Good Songs Become Bad Songs Become Good Songs

My friends and I pose for a photo in my dormitory at the University of Oklahoma in early 1983. The image was made on Kodak Ektachrome Infrared slide film, and the scan is labeled "Dorm Rats" on my hard drive. You will notice behind me a collection of phonograph albums. At that time, it was mostly Pink Floyd, Kansas, and Journey.
My friends and I pose for a photo in my dormitory at the University of Oklahoma in early 1983. The image was made on Kodak Ektachrome Infrared slide film, and the scan is labeled “Dorm Rats” on my hard drive. You will notice behind me a collection of phonograph albums. At that time, it was mostly Pink Floyd, Kansas, and Journey.

Dan most recently challenged me to review Rearviewmirror by Pearl Jam. Dan’s really getting into 1990s grunge/garage recently, and I approve of this message.

It took me a while to get down to listening, but I am now, and I like it. It’s got that “I don’t care what the record producers says, let’s jam” sound to it.

It also got me thinking about what music we like, and why, and how that changes from one decade, year, month, day, and hour to the next.

What music did I think was the absolute ultimate when I was in college, for example? If you had asked me in 1982, I probably would have said Comfortably Numb by Pink Floyd. I played the album into vinyl extinction, then played the CD over and over, usually in my headphones at fighter-jet loudness levels.
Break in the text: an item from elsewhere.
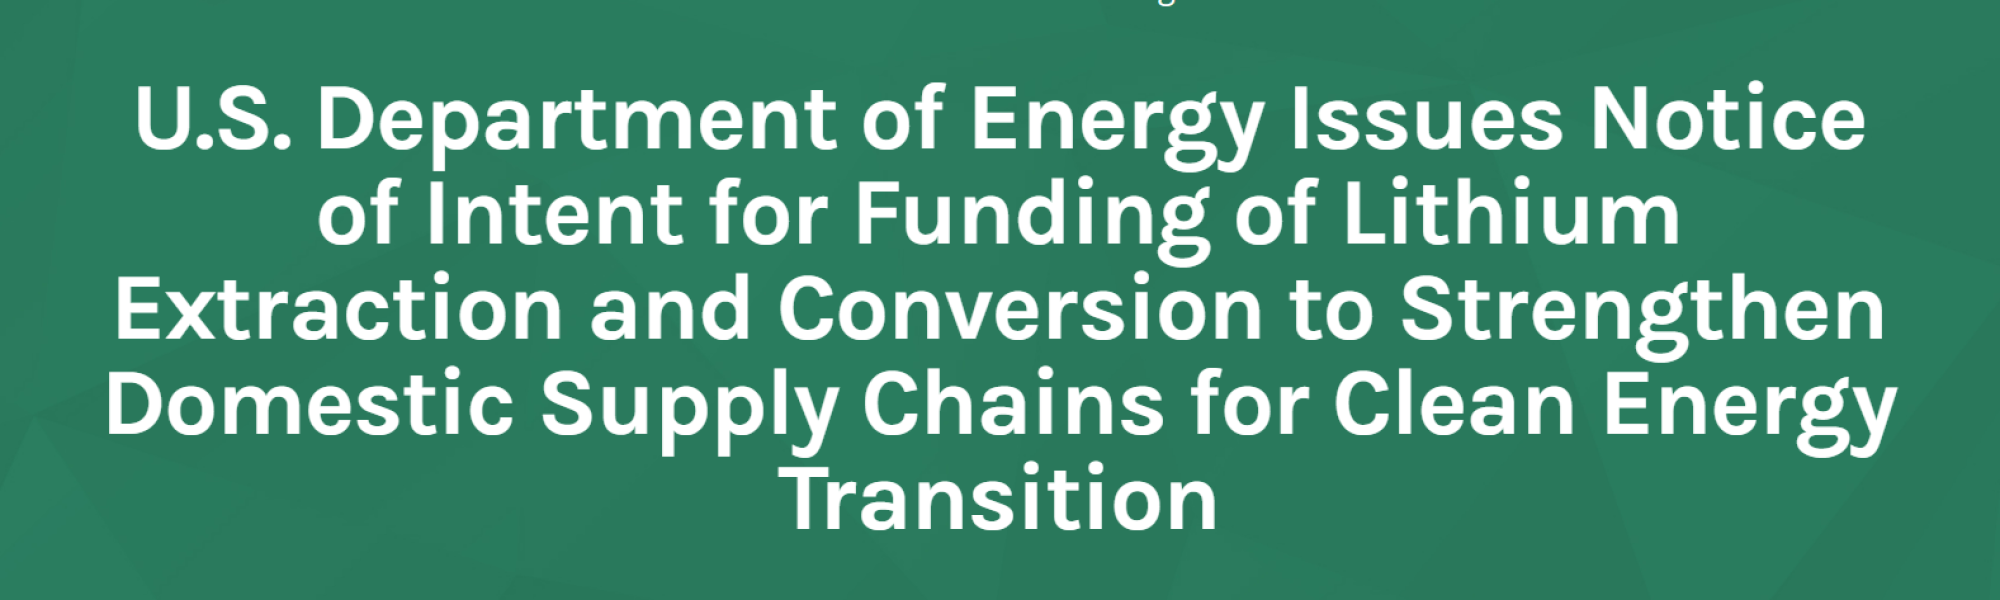 US Department of Energy Issues Notice of Intent for Funding of Lithium Extraction and Conversion to Strengthen Domestic Supply Chains for Clean Energy Transition

These days, I have little desire to hear it.

If you’d asked me when I was a young journalist in the late 1980s, I might have said With Tomorrow by This Mortal Coil. By December of 1992, I know I would have said Wild Horses by The Sundays (a cover of the Rolling Stones song.)

How much if this is what we construct between our ears, and how much of it is how we are born and raised? My wife Abby, for example, can’t get enough Garth Brooks, but his sound just bounces off me.

My musical taste is fluid, however, and I wonder how much of that is because the global cadre of music is ever-enlarging. If you turned on the radio in 1940, for example, how many contemporary songs even existed at that point?

Then today I turned on the radio, the actual FM radio in the truck, and heard something – um, wow, millennials, this is music? I can’t even describe how artificial and monotonous it sounded. Kids these days.

Oh, and FM radio? You’re doing about as good a job reinventing yourself as newspapers are. “92.2, The Pump! Cranking out your favorites from the 50s, 60s, 70s, 80s, 90s, 2000s, 2010s, and today!”

You can tune a tuner, and you can tune a piano, but you can't tune a fish.
You can tune a tuner, and you can tune a piano, but you can’t tune a fish.